| WORK TO COMPLETE |
Copy task, pictures excluded: set down exactly the lines from the one containing "光のランドリー辛な[Dr. Jart] Silver" to the end of the data below.
----- DATASET CONTENT -----
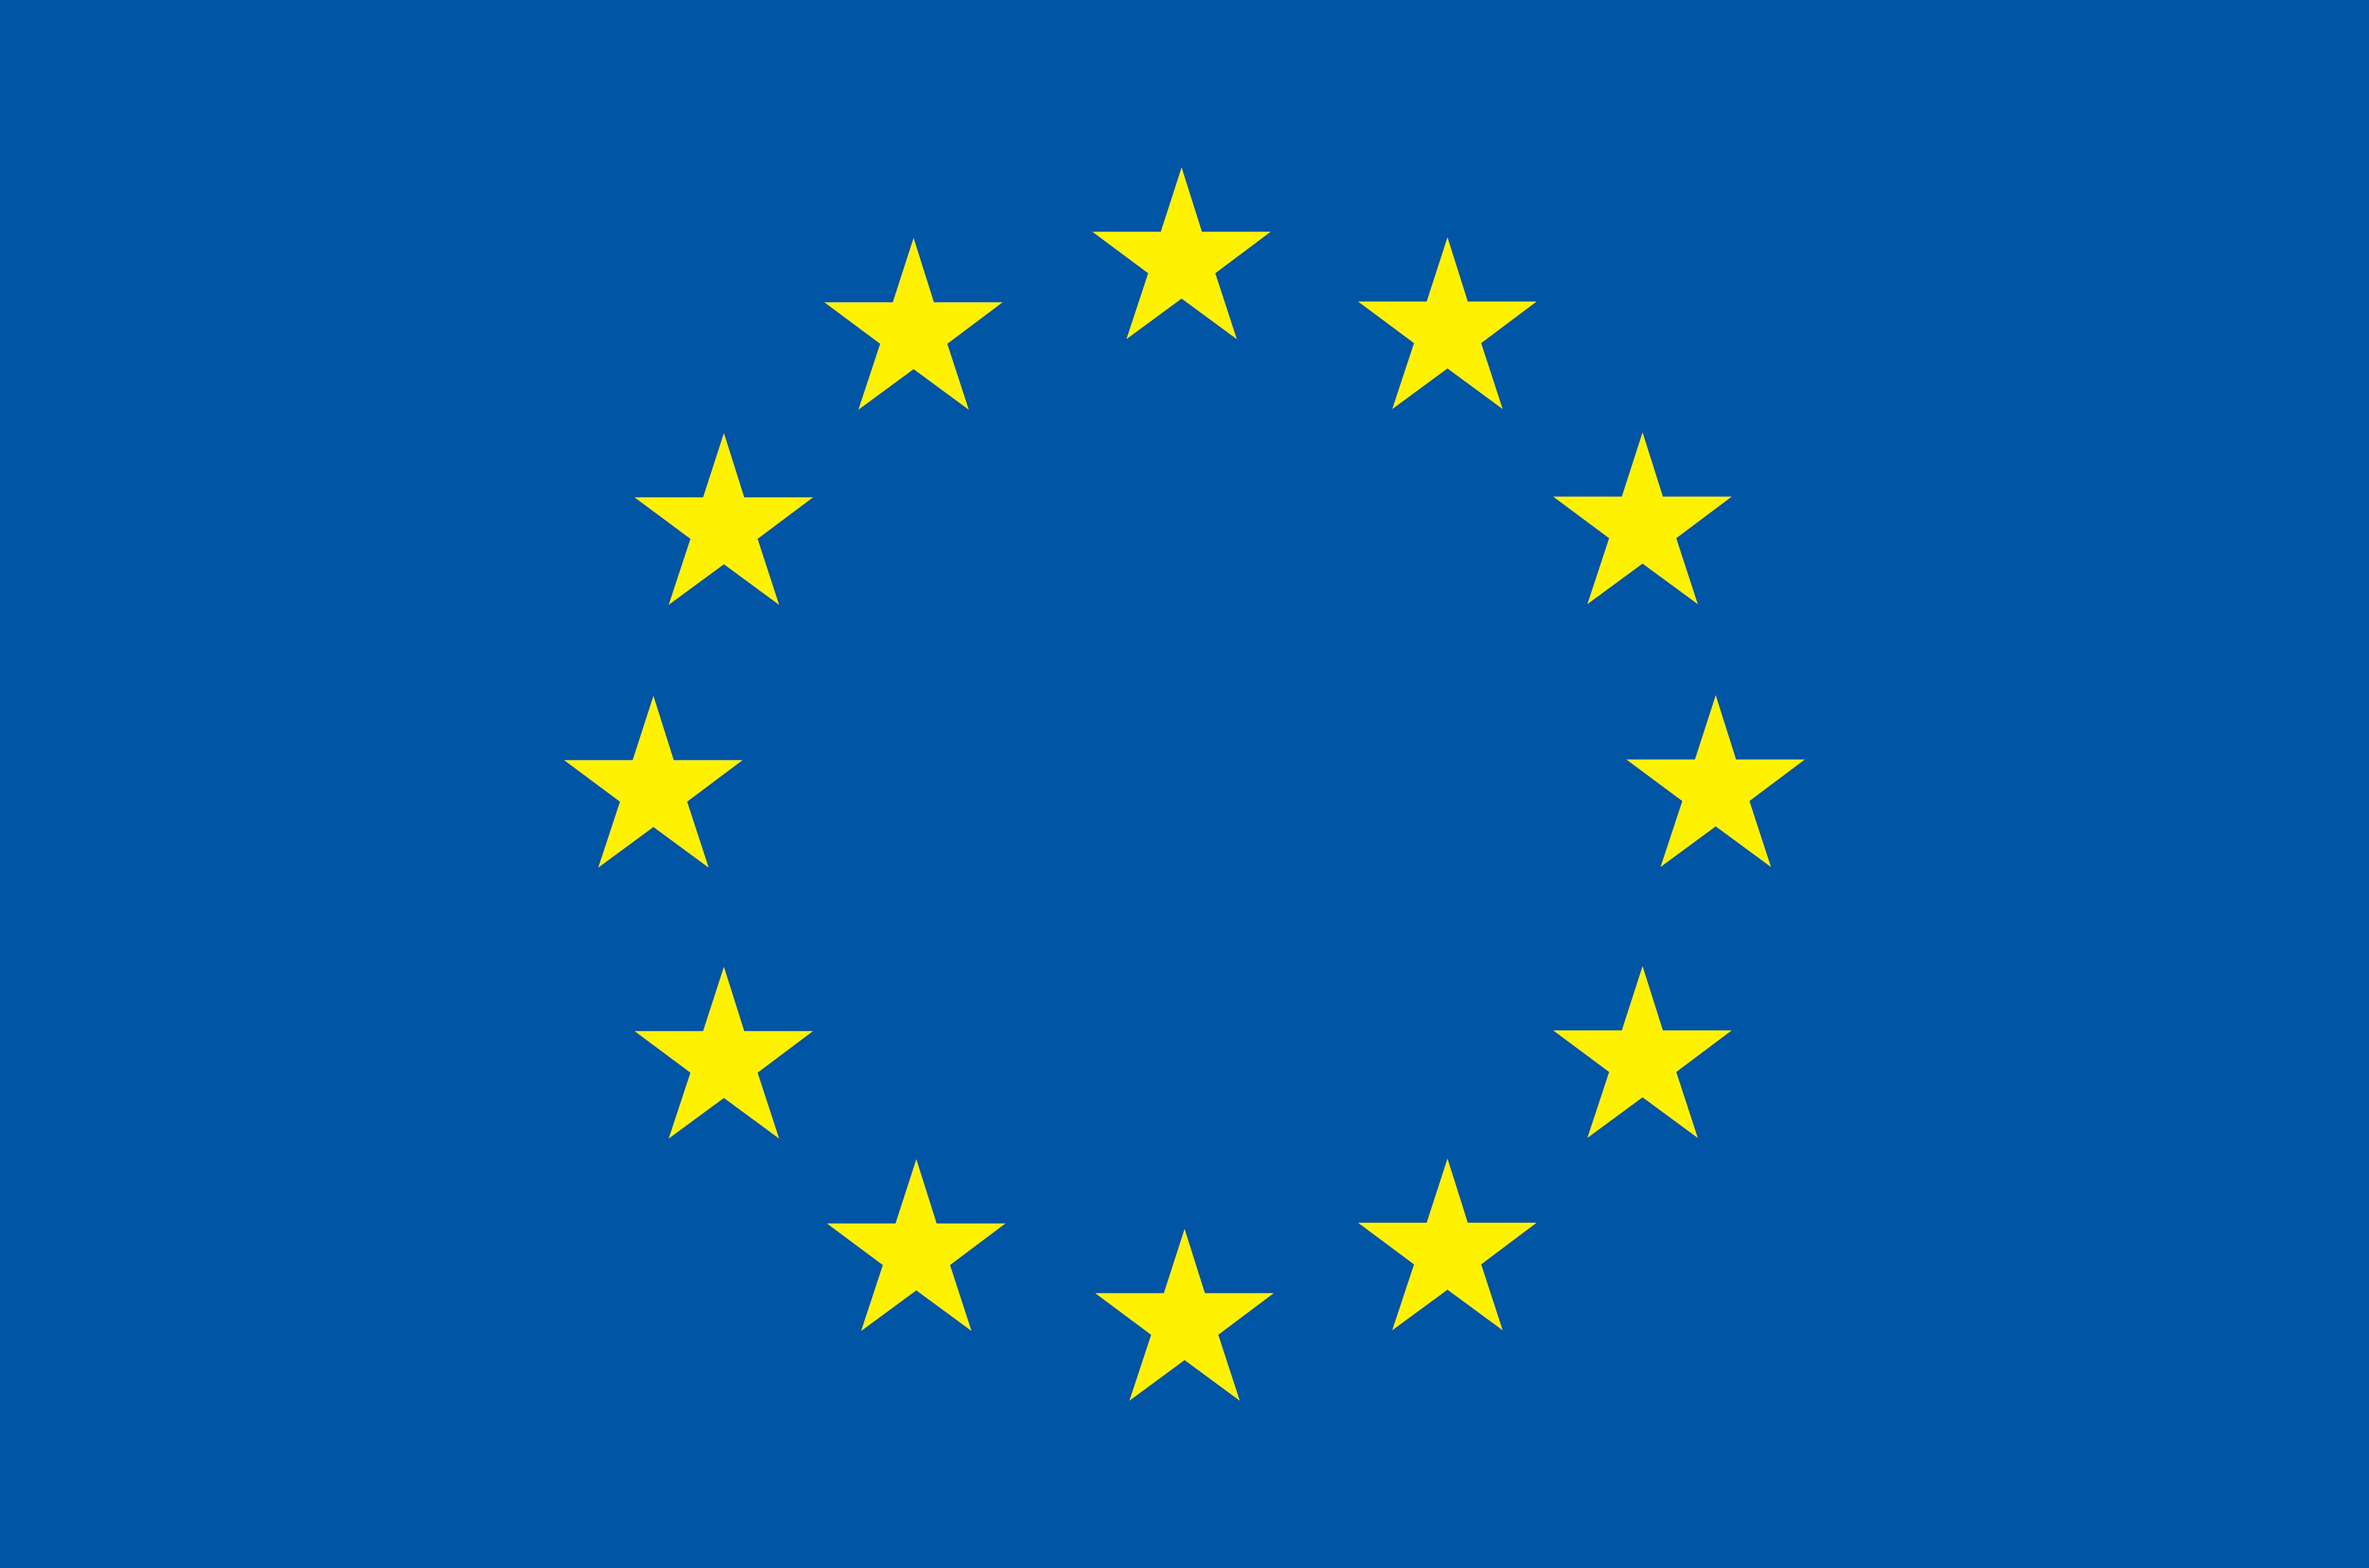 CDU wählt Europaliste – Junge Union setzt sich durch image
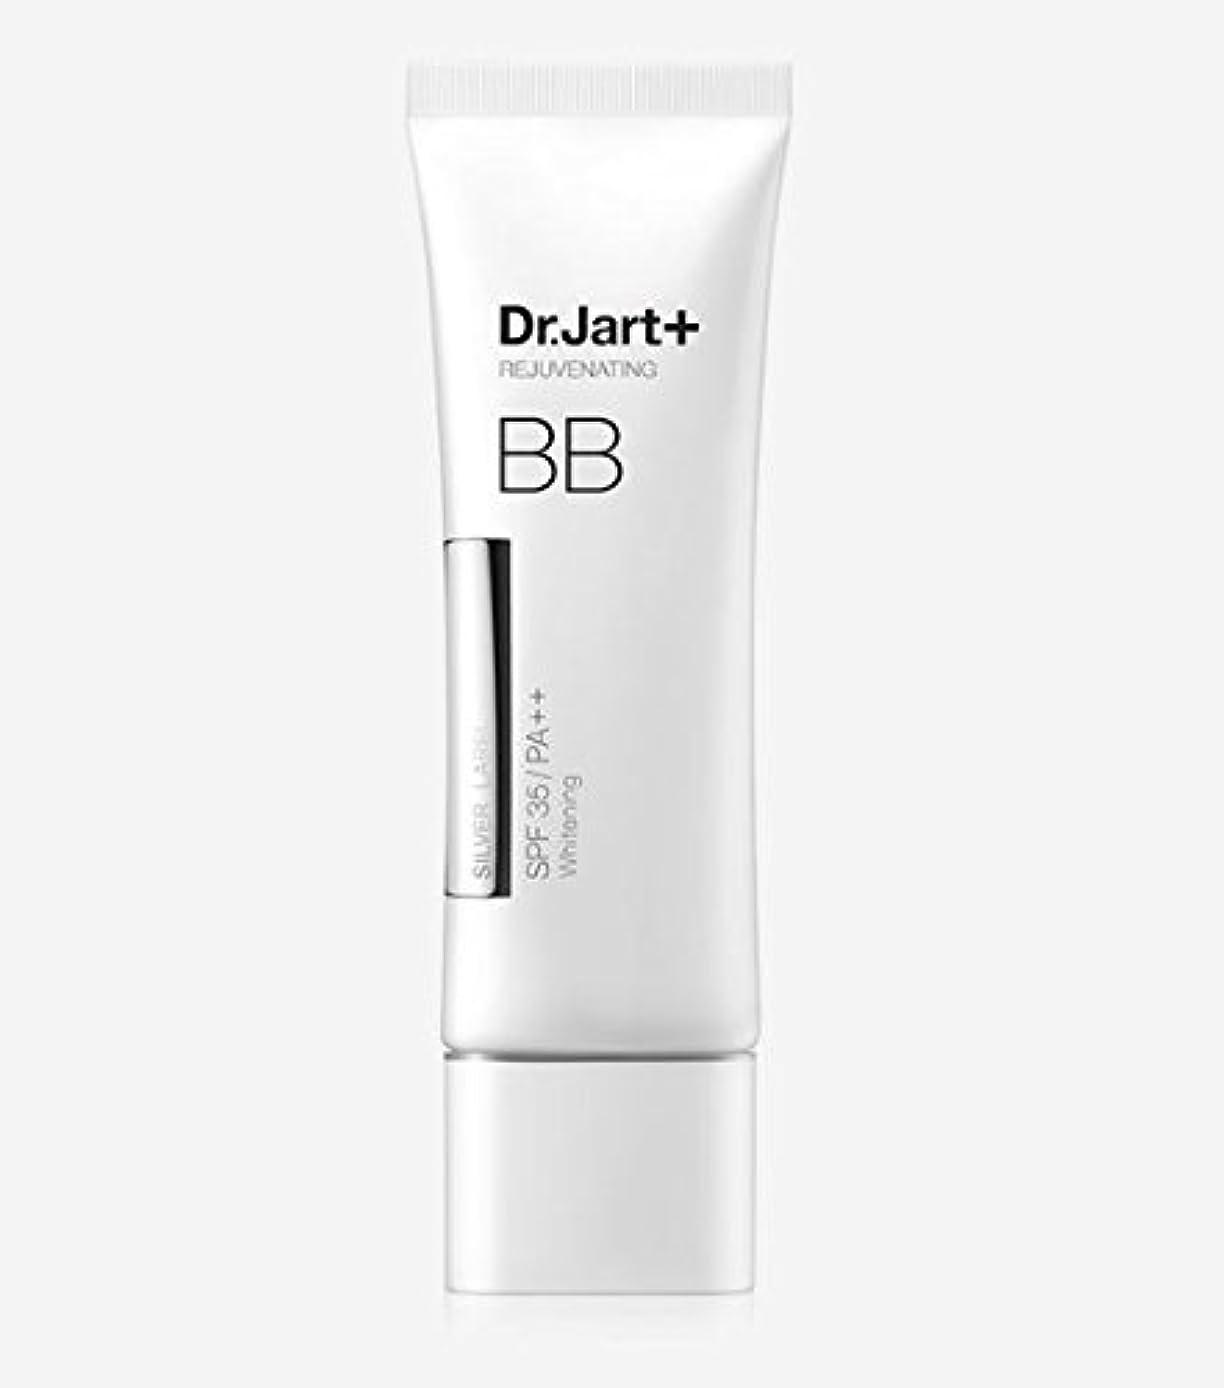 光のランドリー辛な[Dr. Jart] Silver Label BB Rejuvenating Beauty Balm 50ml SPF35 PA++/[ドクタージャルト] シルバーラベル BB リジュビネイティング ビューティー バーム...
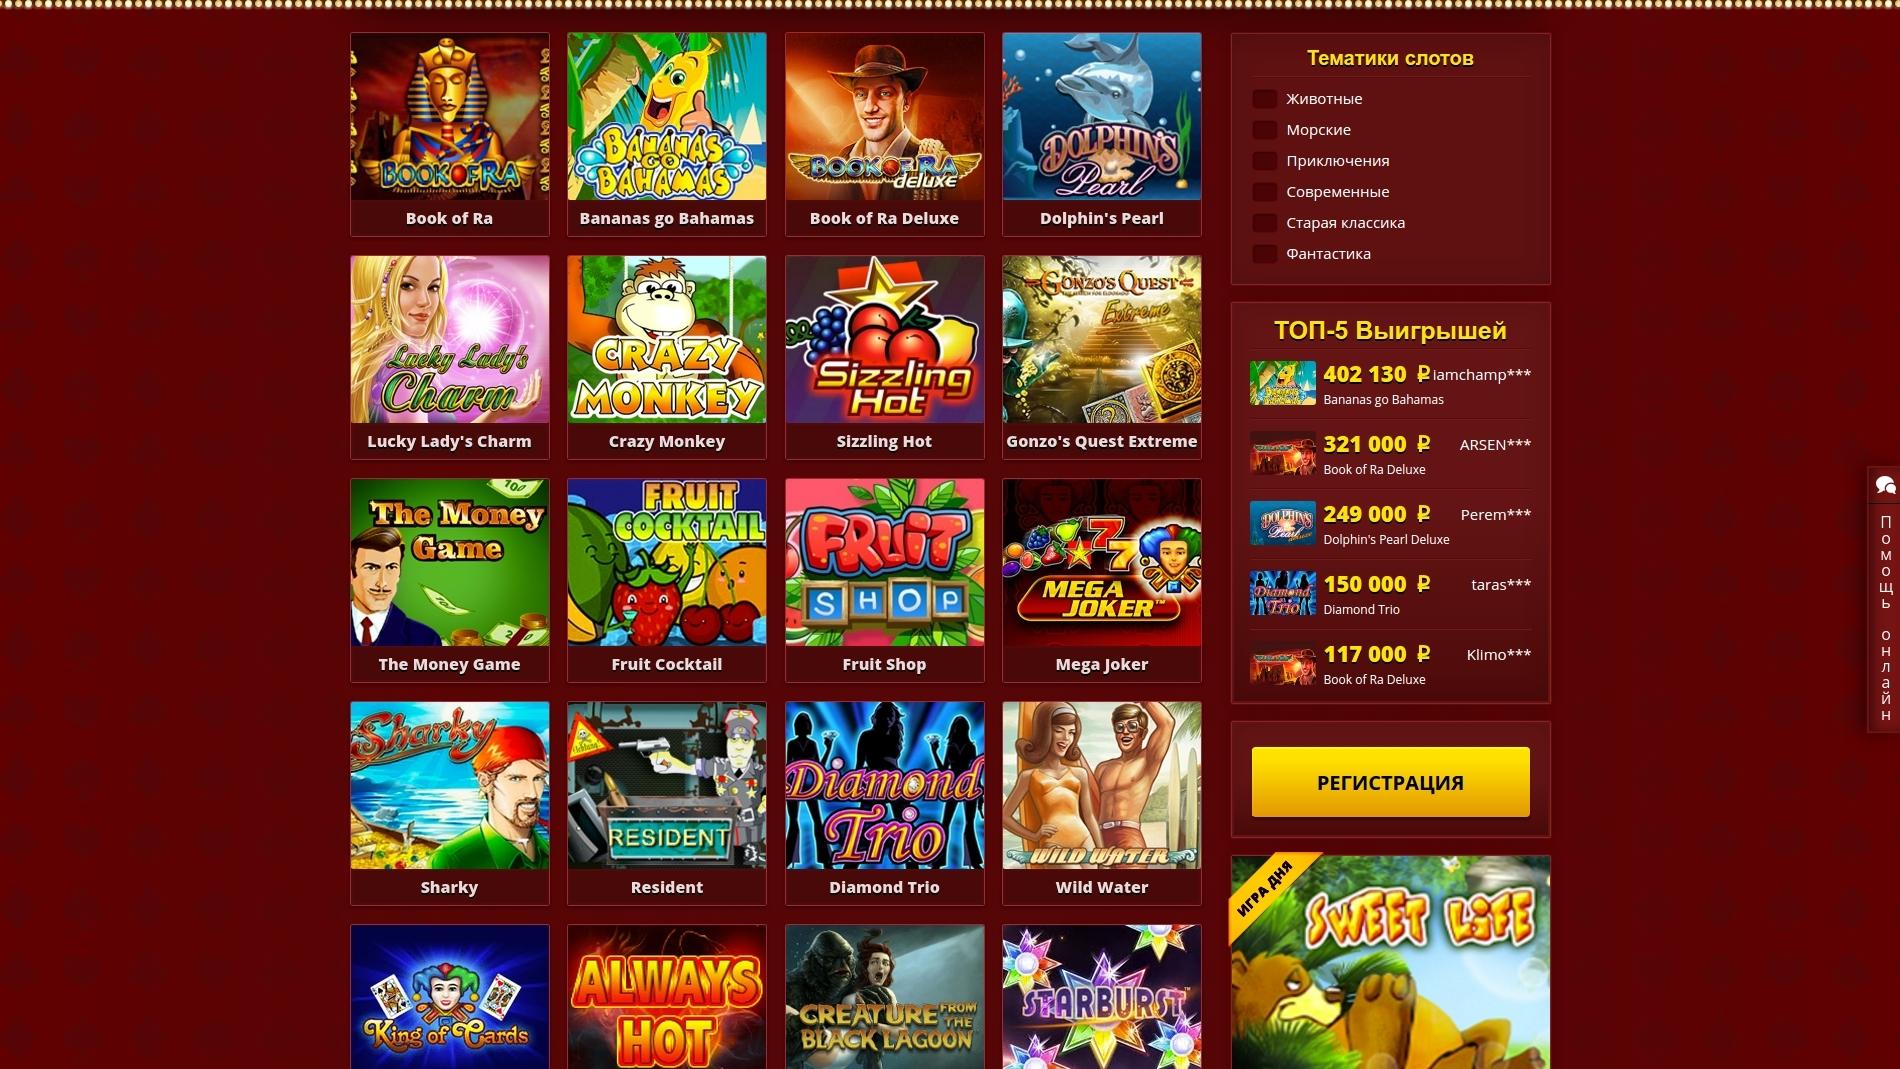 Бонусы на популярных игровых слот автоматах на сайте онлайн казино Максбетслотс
-----
| RESULT OF THIS EXERCISE |
 光のランドリー辛な[Dr. Jart] Silver Label BB Rejuvenating Beauty Balm 50ml SPF35 PA++/[ドクタージャルト] シルバーラベル BB リジュビネイティング ビューティー バーム...
 Бонусы на популярных игровых слот автоматах на сайте онлайн казино Максбетслотс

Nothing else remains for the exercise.